Celler: An Attic Fork

tl;dr There is an Attic binary cache fork that aims to continue the stalled Attic development (7 months of no activity).

Why Fork Attic?

Here at Cyberus Technology, we tried to set up a large Attic instance for CTRL-OS last year. We eventually switched back to a simpler solution. While much of the blame goes to the underlying blob storage provider (cough Hetzner cough), we noticed that for a production setup, there are some crucial features that are lacking. Most notably for our case, there is no good way to troubleshoot an Attic instance beyond instrumenting the code. Or to put it in more economic terms, while Attic roughly saves us 60% of storage costs, it also massively increases our maintenance costs. Not a win!

So while production is happily chugging along on a plain old S3 bucket for now, I would really love to switch back to Attic, because of storage savings, but also because it offers a nice way to have per-developer or per-project caches on our own infrastructure. But upstream Attic development has stalled. So instead of letting our changes sit in PRs without getting merged, there is now celler. (“Celler” is Catalan for wine cellar, but pronounce it as you please. :wine_glass:)

Our Plans

So what are the plans for Celler? Initially, I have been working on updating all dependencies. This was harder than planned, because Attic uses C++ FFI bindings to libnixstore. These bindings would subtly break on updates. The first step was getting rid of these bindings. Instead we now use native Rust code to talk to the Nix daemon (via gorgon’s nix-daemon crate) where possible and shell out to Nix CLI where necessary.

With the updates largely done, we can look towards features that are crucial for production setups. My most important goals are to add proper (error) logging and metrics to the code base. Anyone operating Celler should see in their ops dashboard how things are going.

A bit more in the future, I’m looking towards OIDC integration. Using sudo on the server to create user credentials is not a workflow that scales!

What Are Your Ideas?

I’m genuinely curious what other people are missing from Attic. What features would you love to have? Which PR from the attic repository deserves to be merged?

44 Likes

Is this a drop in replacement at this time, or has the db schema changed?

I see this PR for loading tokens from files instead of environment variables. I would find this useful if it hasn’t been addressed yet.

I don’t think a fork of an attic is a celler. Garret would be a much better name given the project concept.

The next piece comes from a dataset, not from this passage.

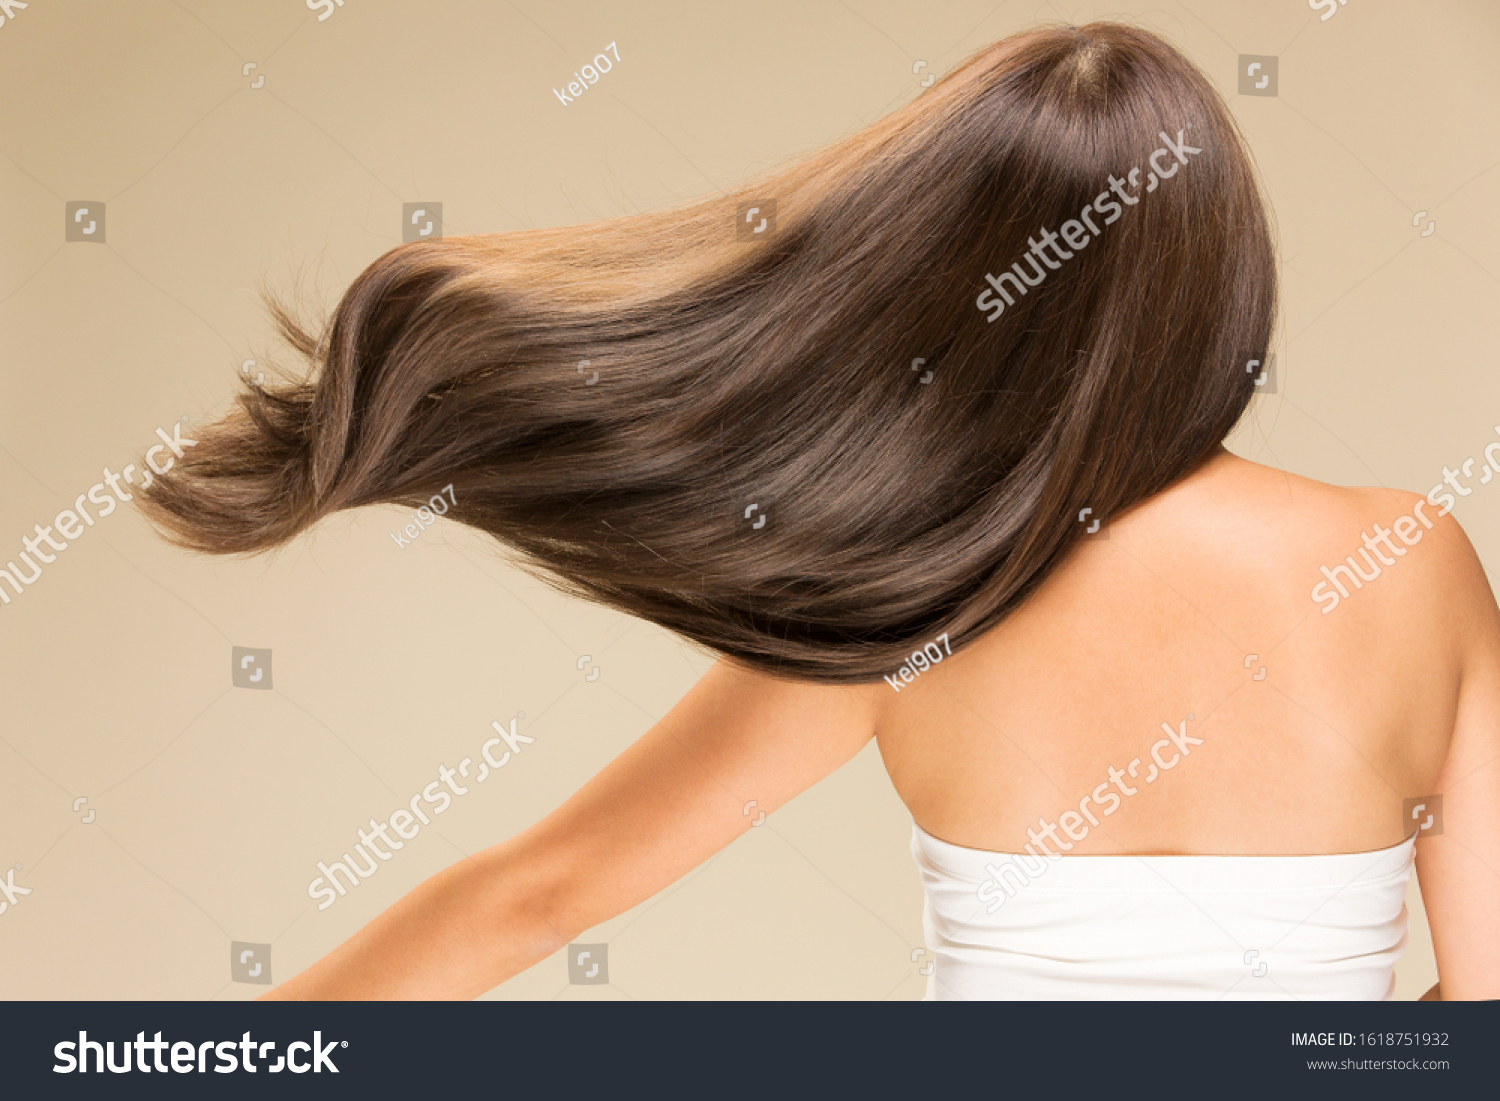 Lively hair on a beige background. #1618751932

Can we have Celler expose a gRPC API for a generic CAS (content addressable storage) for other remote building / CI/CD systems? :slight_smile:

2 Likes
  • Especially long-lived JWTs are a footgun and Attic provides little remediation short of rotating signing keys. OIDC and short-lived tokens is the correct approach here. That would also allow integrating with Forgejo (Details), if I understand correctly.
  • We can inspect caches, if we know their name. Why can’t we list existing caches?
  • Fix the horrible CLI naming (attic is fine, atticd-atticadm isn’t)

I very much appreciate work going into this code base.

8 Likes

gc pinning (i.e. the software is released, don’t purge it without pulling the pin). and potentially look at options to drop the database entirely. I mean at that point it’s probably a rewrite, but i’d love to a design that stores bulk metadata updates as a WAL in the blob store (with eventual compaction into an index), s.t. that you can have a stateless cache server and a blob store and you are golden. I know s3 can do this safely with conditional writes, I just don’t know if other not s3 but s3-compatible blob stores can do that kind of thing? Anyway, a good gc pinning story would be incredible, and if there were a pot I would try to throw money into it for that feature.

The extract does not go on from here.